» WHAT IS EXPECTED: Pictures aside, every line of the listing should be given again exactly.

» SOURCE DATA:
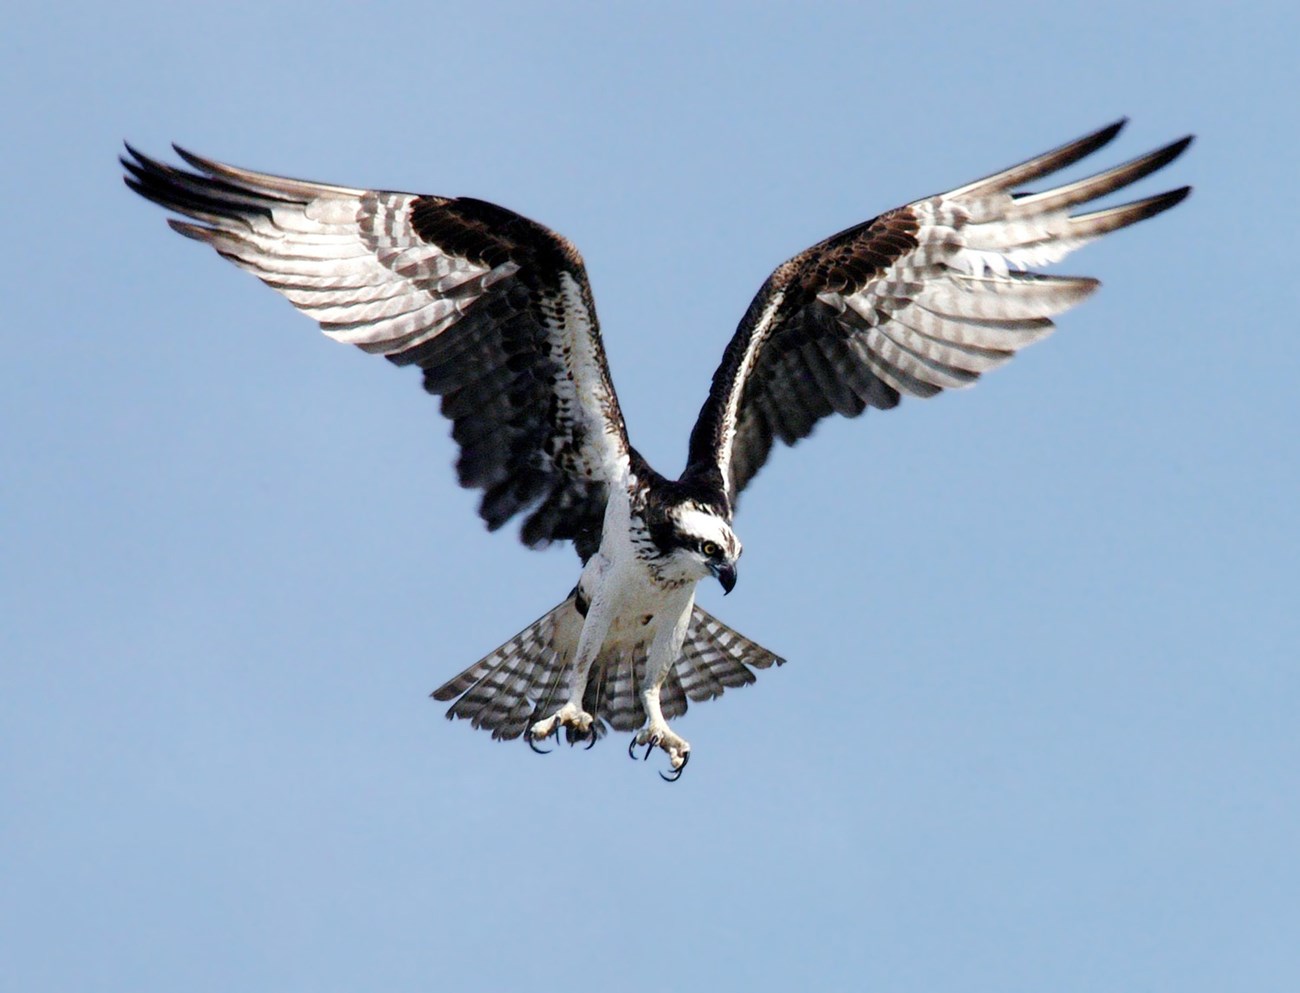 Osprey hovers mid flight with wings spread, scanning the ground for food
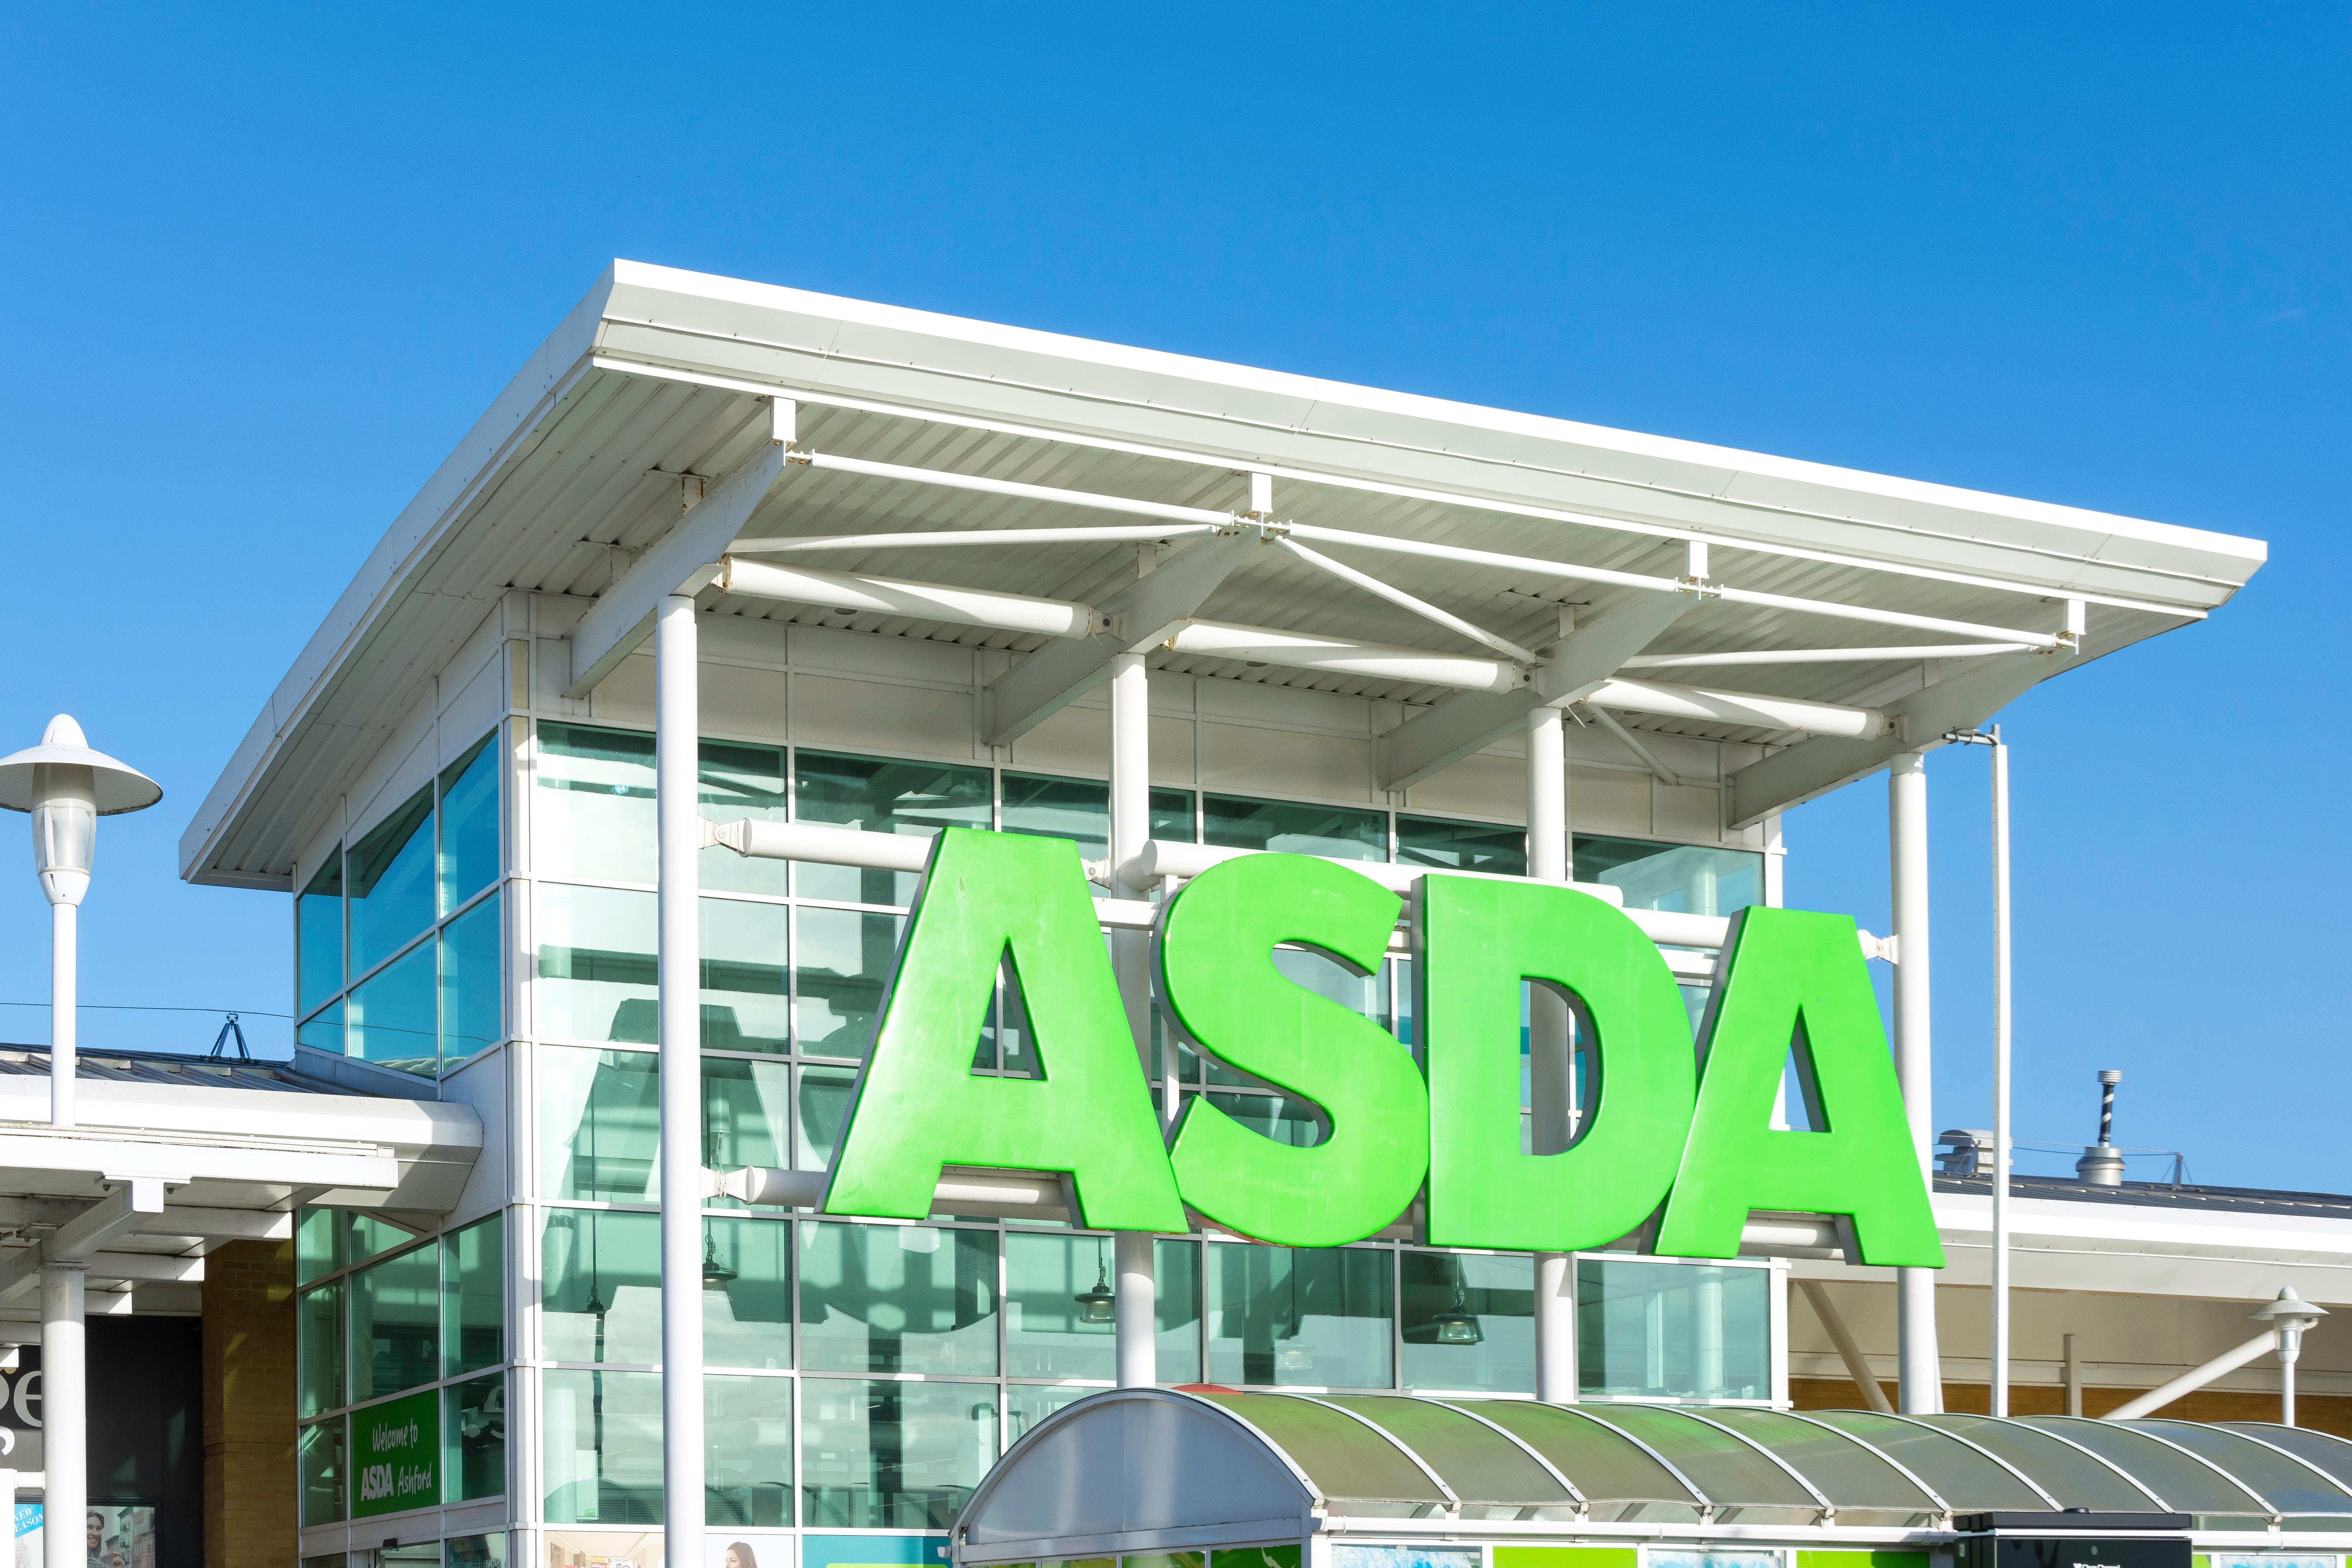 Anger as Asda customers are limited on how many Just Essentials
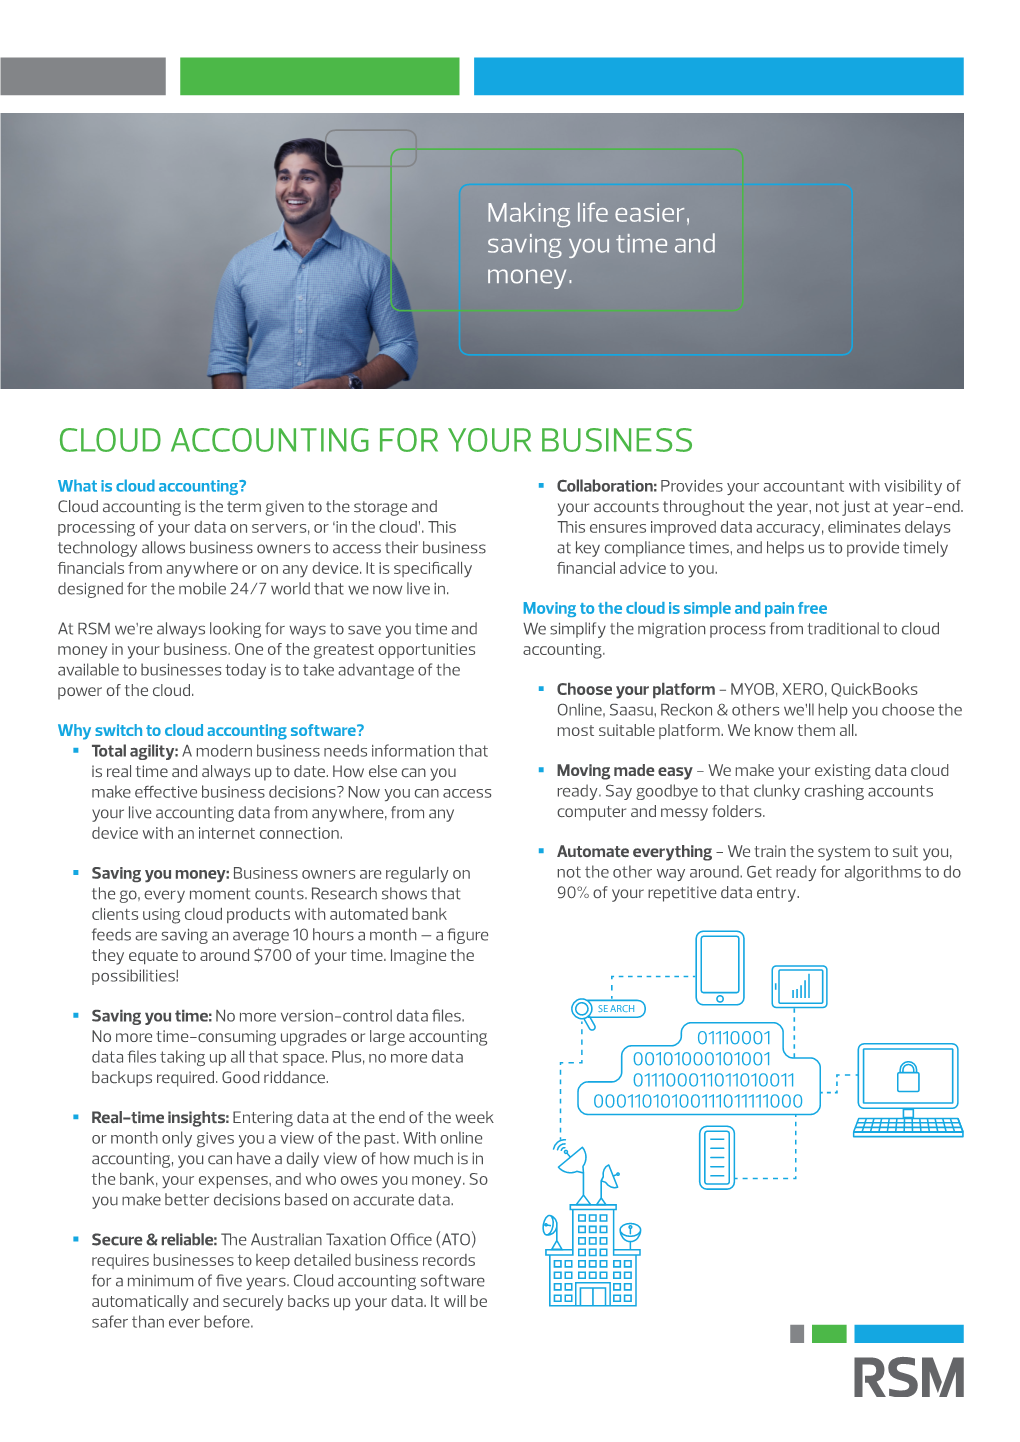 Cloud Accounting for Your Business

» THE ANSWER:
 Osprey hovers mid flight with wings spread, scanning the ground for food
 Anger as Asda customers are limited on how many Just Essentials
 Cloud Accounting for Your Business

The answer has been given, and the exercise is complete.